The artist, who will be 69 next month, wore a white cap, blue shirt and gray jacket. He said he sympathized with the plight of the sitter, having once spent 120 hours posing for a portrait by Lucien Freud. But he also said he likes to remind his sitters to “remember Betty Lisa.”

Betty Lisa, he explained, agreed to sit for a portrait, then discovered she couldn’t make the appointment. So at the last minute she sent her sister, Mona.

When the giggles and groans died down, Hockney also told the assembled crowd that he is “going quite seriously deaf” and that he abandoned reading “The Da Vinci Code” after a single page. In response to a question, he said that if there’s a message embedded in the portraiture show, it’s something along the lines of “ ‘love life,’ I suppose.”

Yet for further proof of the artist’s tenacity in studio circumstances, consider Sidney Felsen and Joni Moisant Weyl. Felsen and Weyl, art-business veterans who have worked with Hockney on print publishing and sales for decades, sat for a Hockney double portrait early last year, then returned from a big trip to find he’d shelved it.

“It looked finished, but there were some things about it that David was not comfortable with,” said Weyl.
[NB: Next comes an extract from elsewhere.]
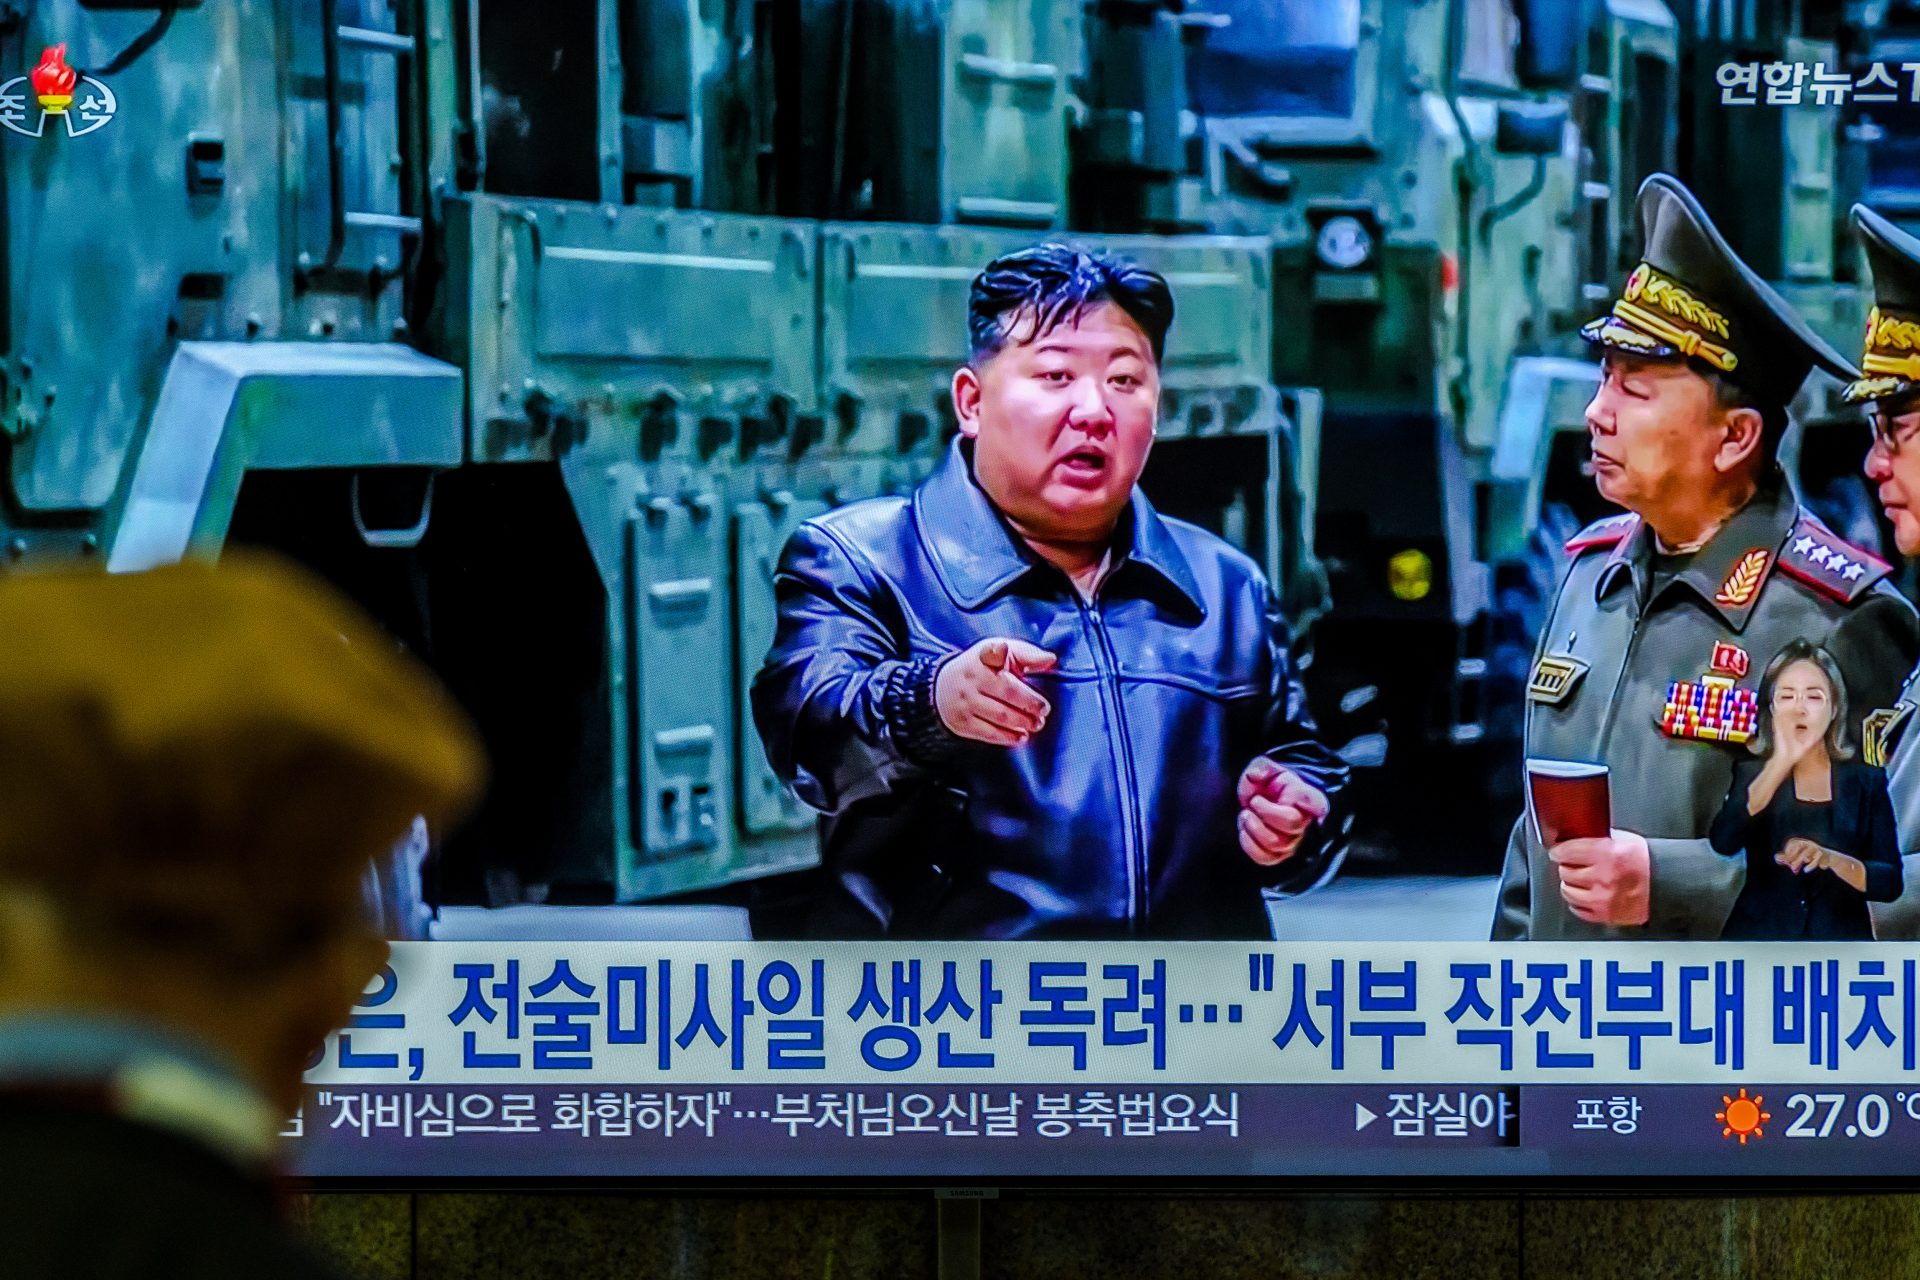 Kim Jong Un wants to annihilate the US

So they started over, this time with Sidney wearing a broad-brimmed white hat, a summer suit and a bow tie, and the result of that sitting hangs now in LACMA.

Not far from Felsen and Weyl -- and the Felsen and Weyl canvas -- stood Charlie Falco, a professor of optical sciences at the University of Arizona who has collaborated with Hockney in his investigations of lost techniques of the Old Masters.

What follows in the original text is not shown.